_Exercise brief_
Could you repeat the entries below exactly, but only from the line with "Build Llc Desai" through the line with "顾颖琼道歉:贾跃亭通过信托转移资产为虚假言论", and without any picture?

_Supplied information_

= Beginning of Section =

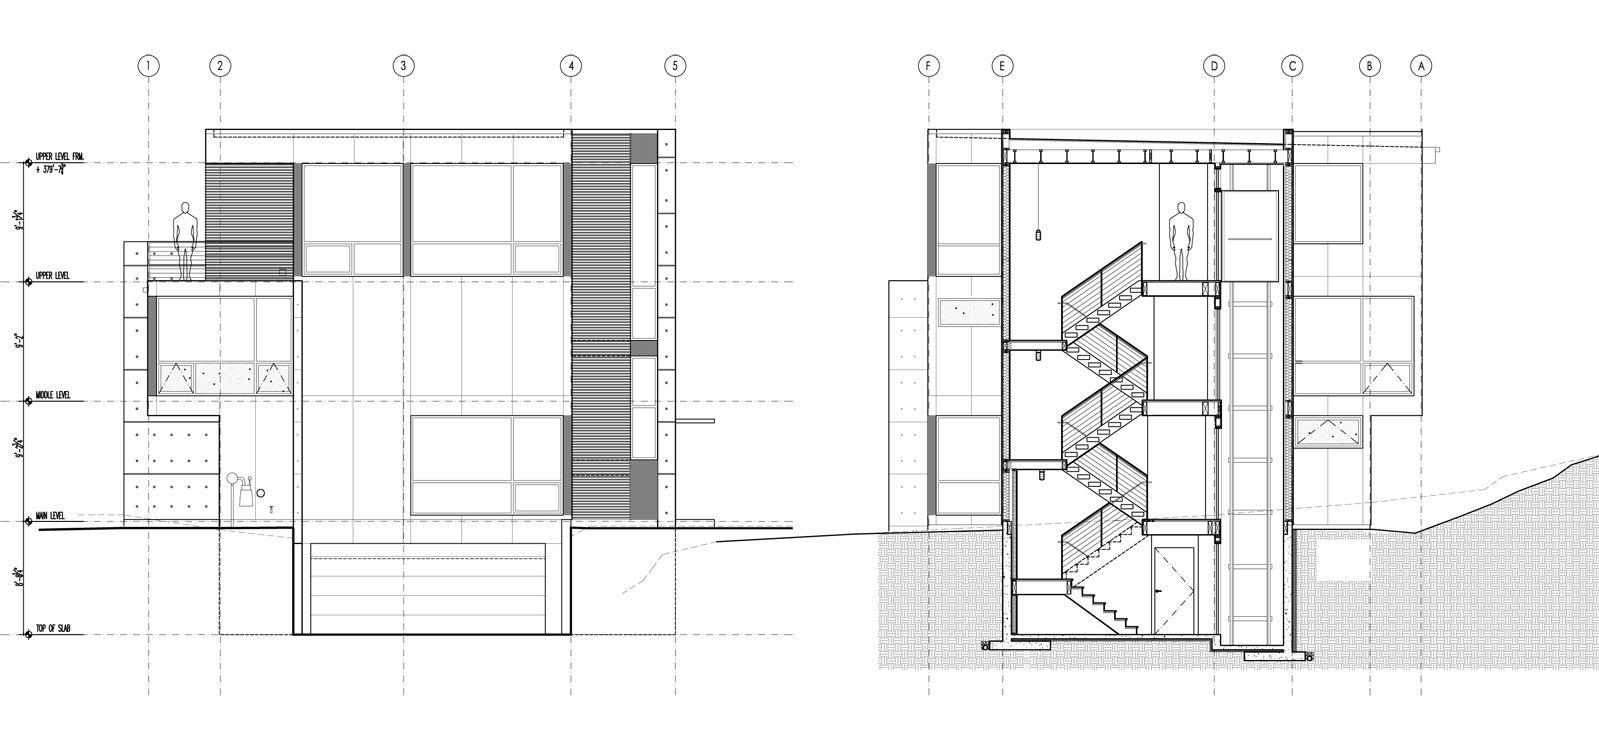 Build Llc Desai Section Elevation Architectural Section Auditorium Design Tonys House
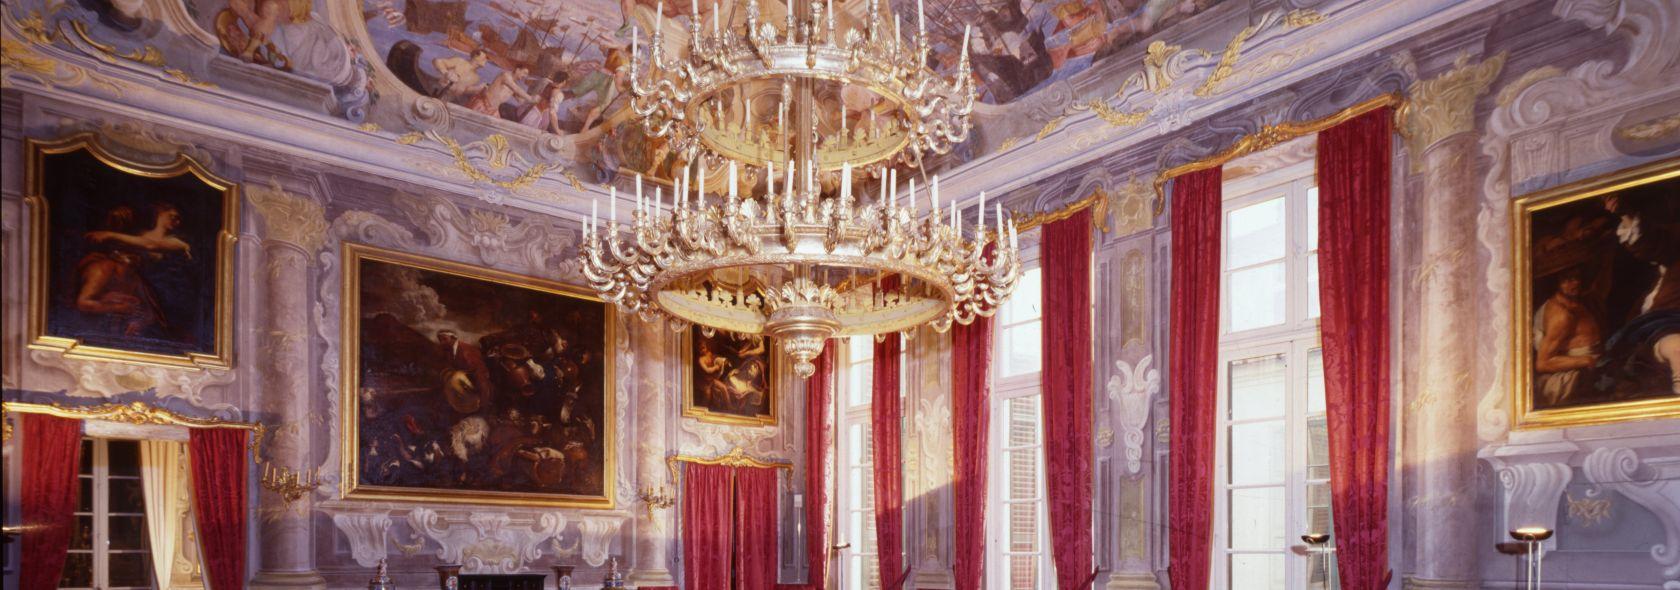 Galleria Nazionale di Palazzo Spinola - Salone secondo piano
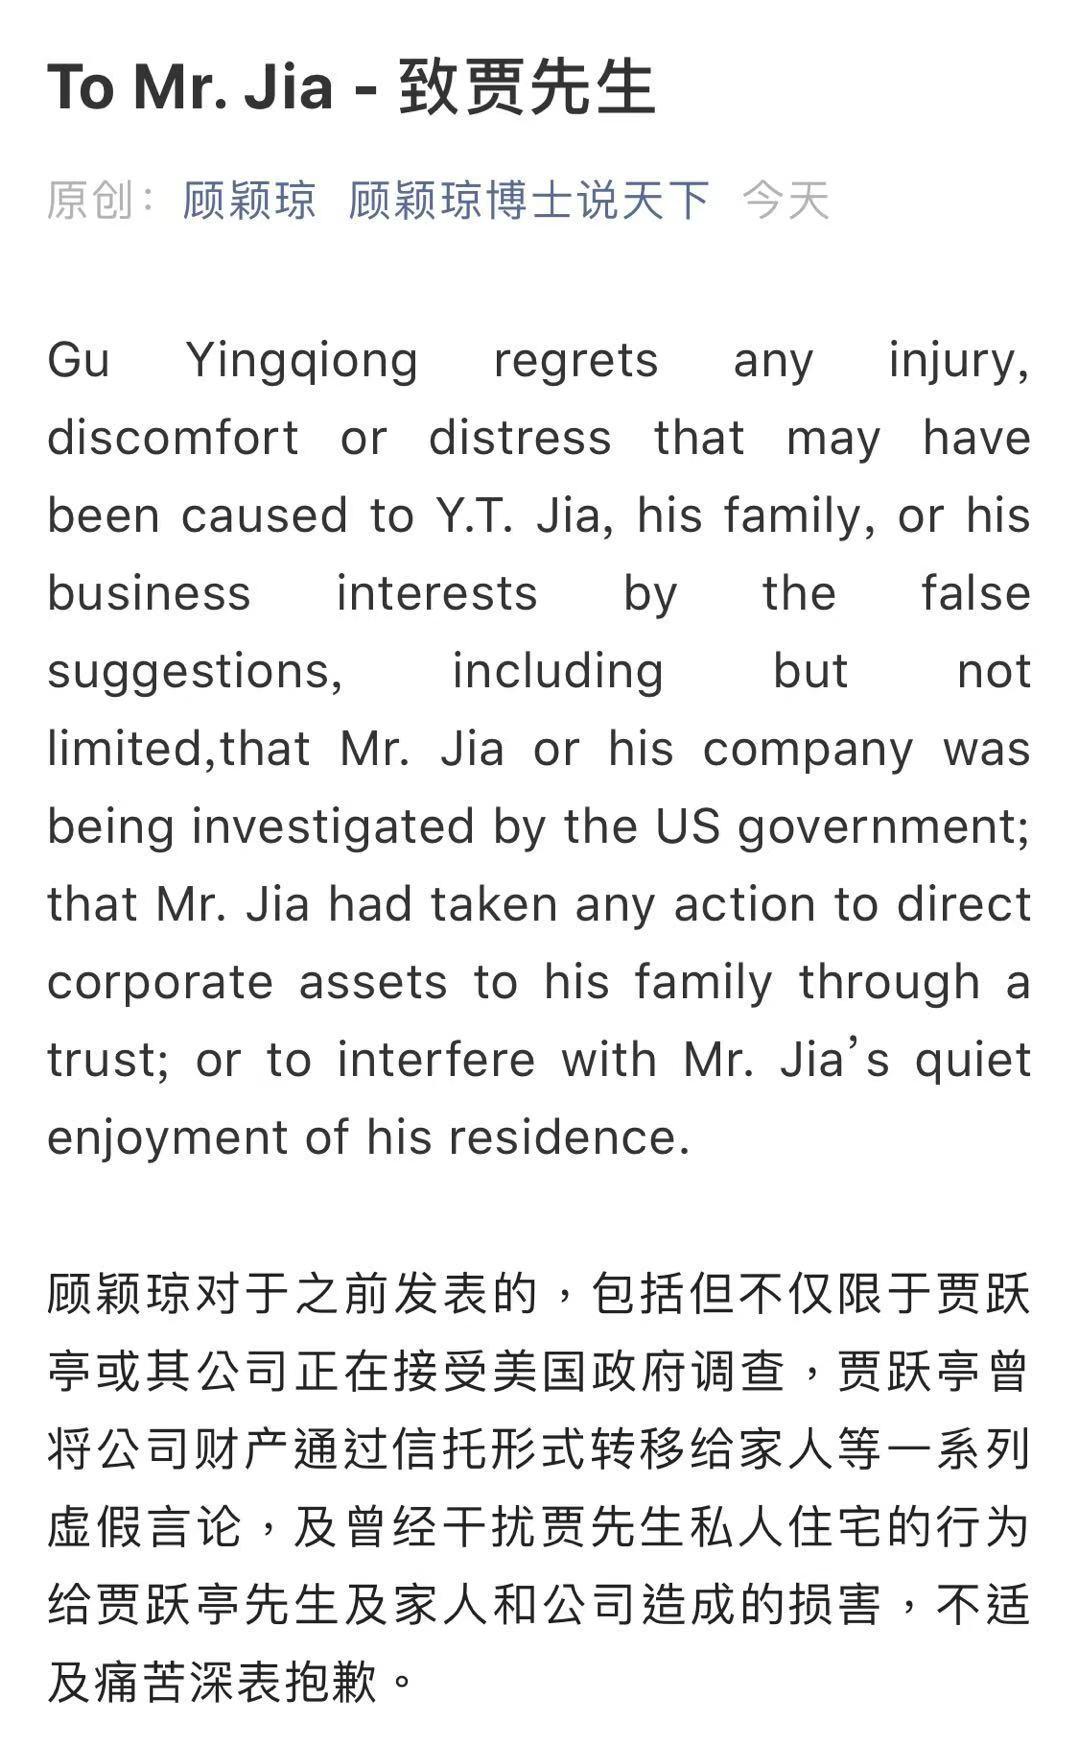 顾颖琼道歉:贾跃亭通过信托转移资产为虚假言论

= End of Section =
= Beginning of Section =

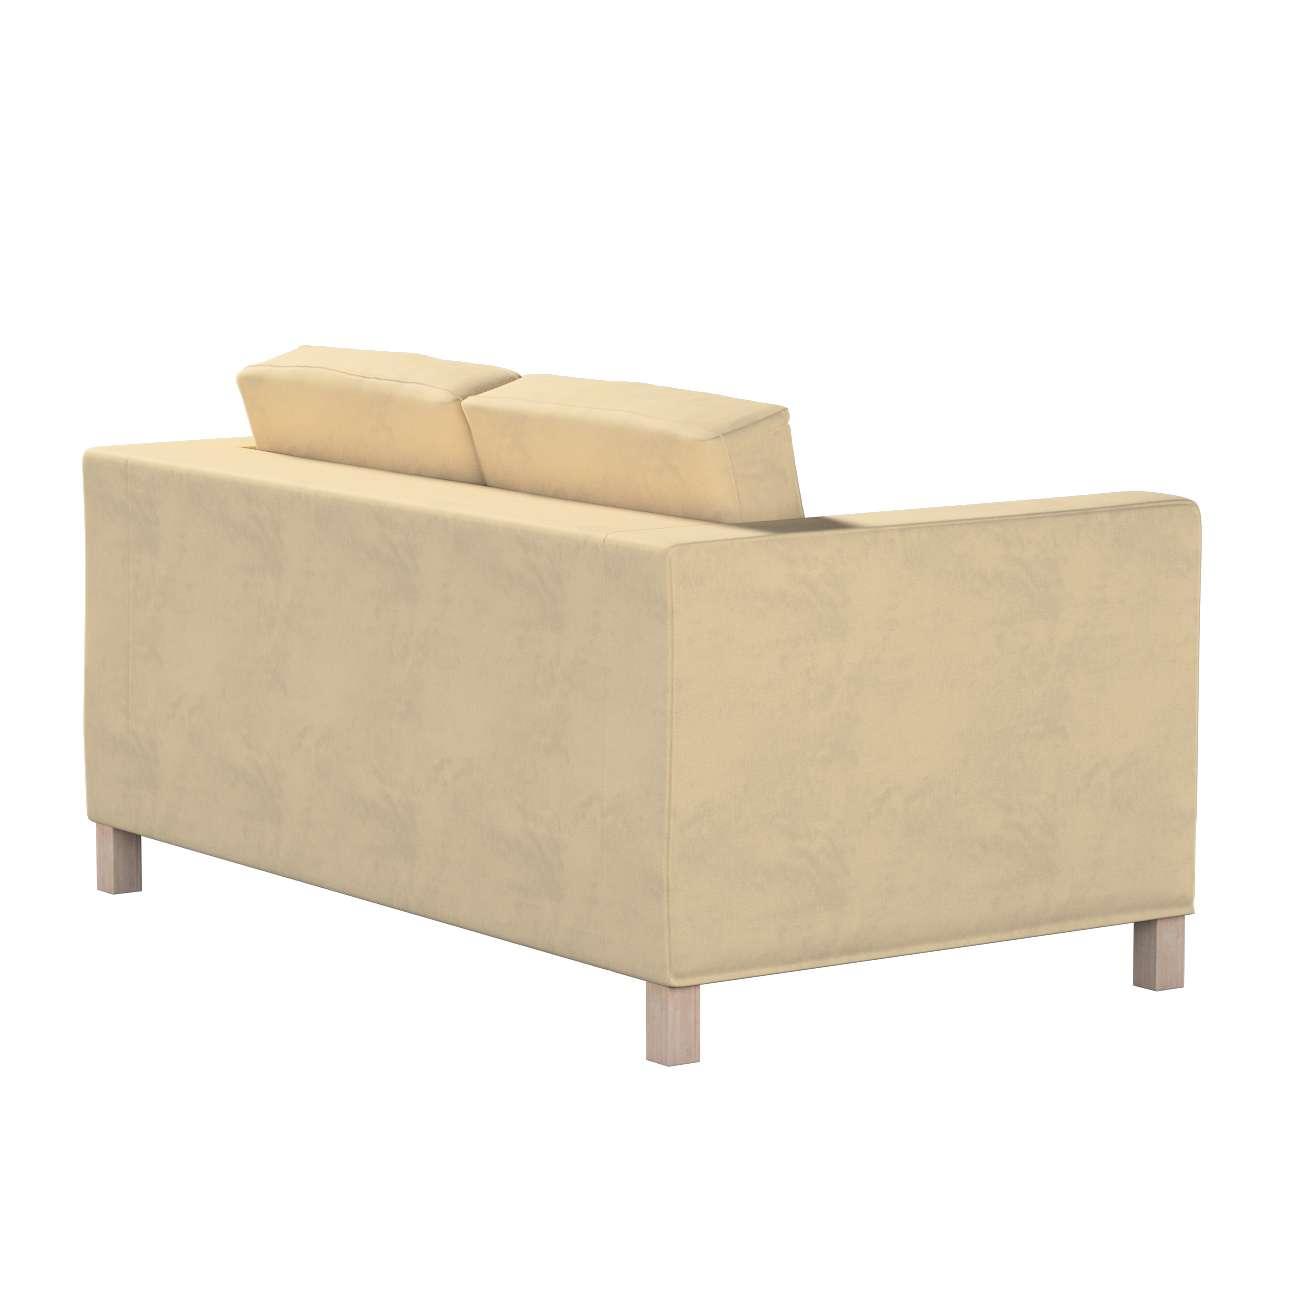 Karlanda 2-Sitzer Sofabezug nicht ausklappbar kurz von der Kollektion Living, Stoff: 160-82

= End of Section =

_The completed task_
 Build Llc Desai Section Elevation Architectural Section Auditorium Design Tonys House
 Galleria Nazionale di Palazzo Spinola - Salone secondo piano
 顾颖琼道歉:贾跃亭通过信托转移资产为虚假言论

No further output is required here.